_What you have to do_.
Reproduce the whole listing exactly and let no picture into the copy.

_Source data_.

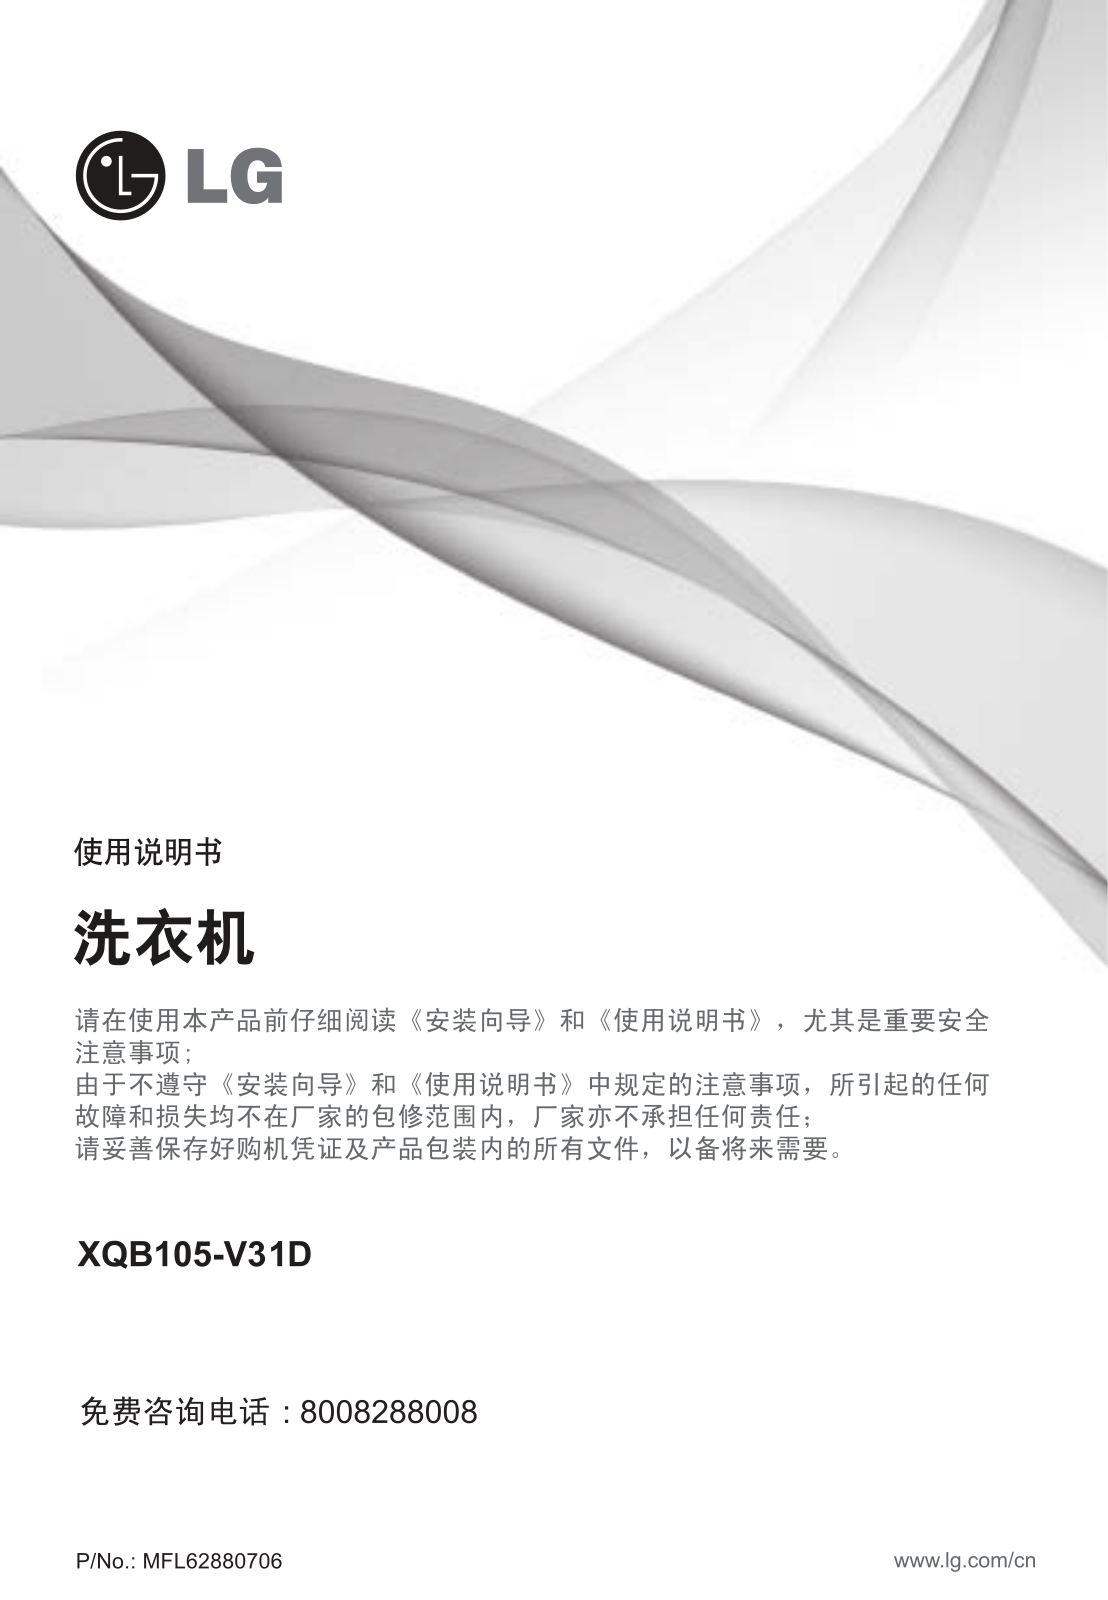 LG XQB105-V31D Users guide
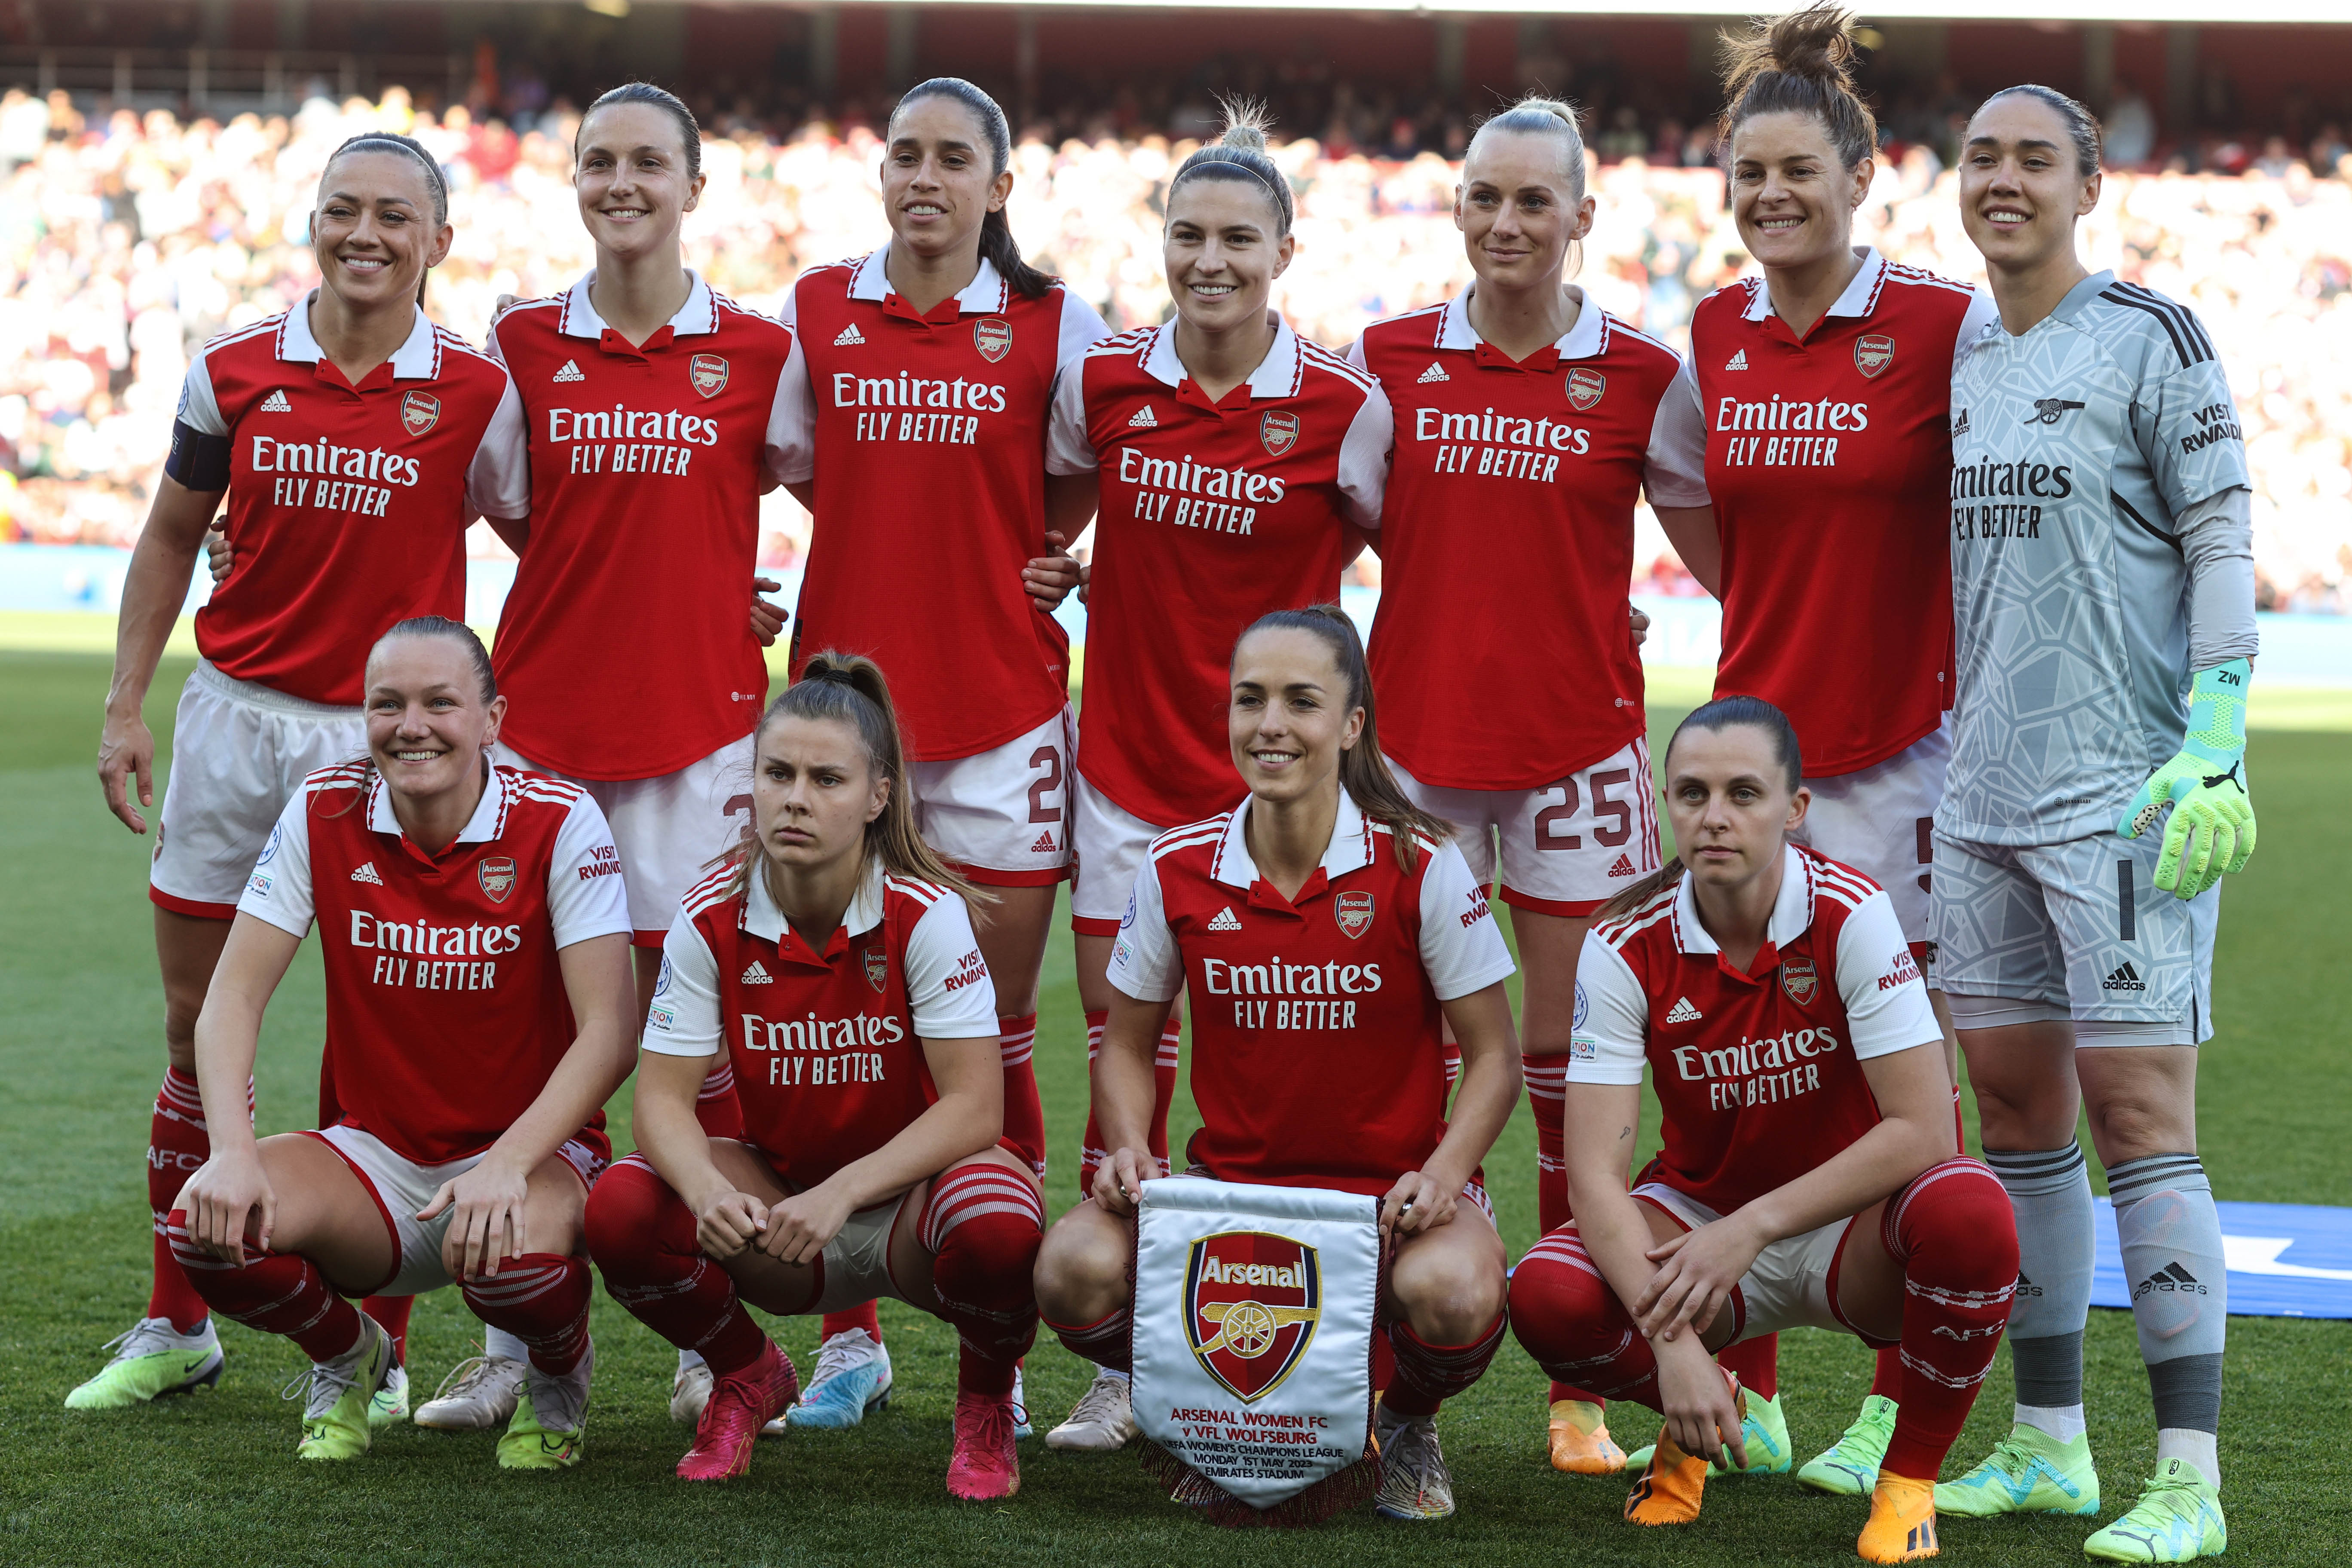 Live Blog: Arsenal Women 4-0 up against Brighton
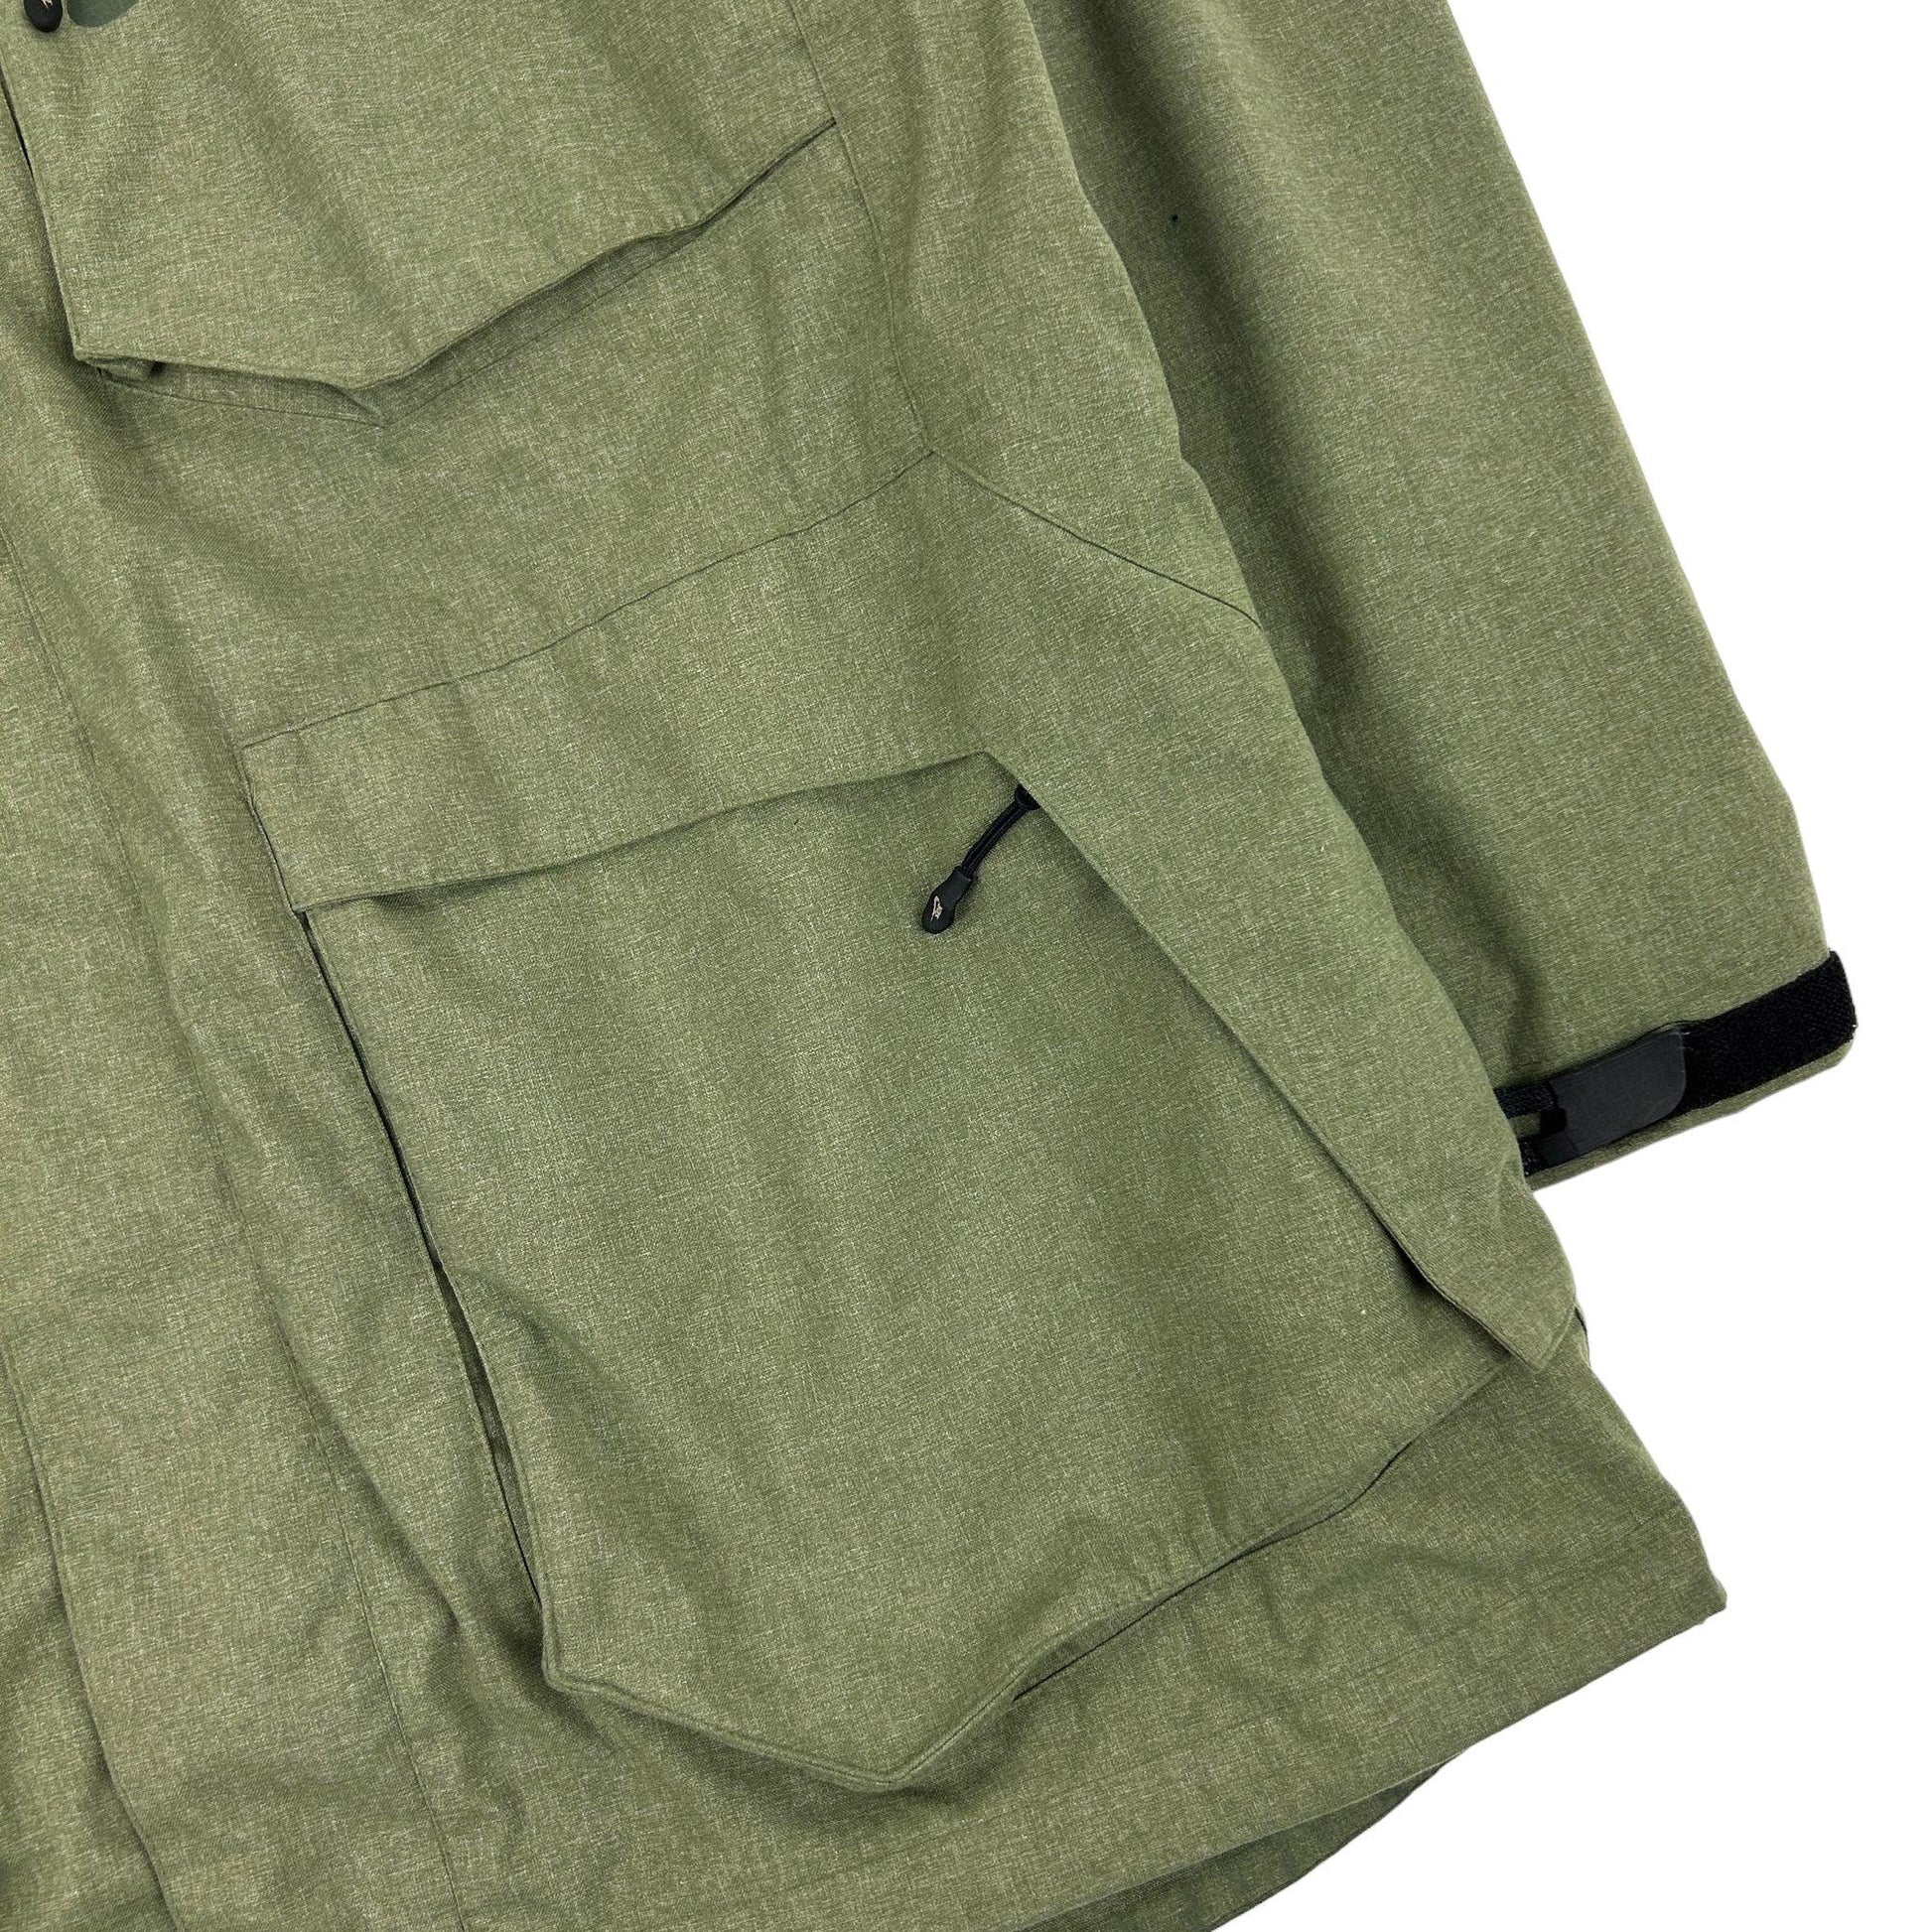 Vintage Nike Hooded Multi Pocket Jacket Size XL - Known Source

_Solution_.
 LG XQB105-V31D Users guide
 Live Blog: Arsenal Women 4-0 up against Brighton
 Vintage Nike Hooded Multi Pocket Jacket Size XL - Known Source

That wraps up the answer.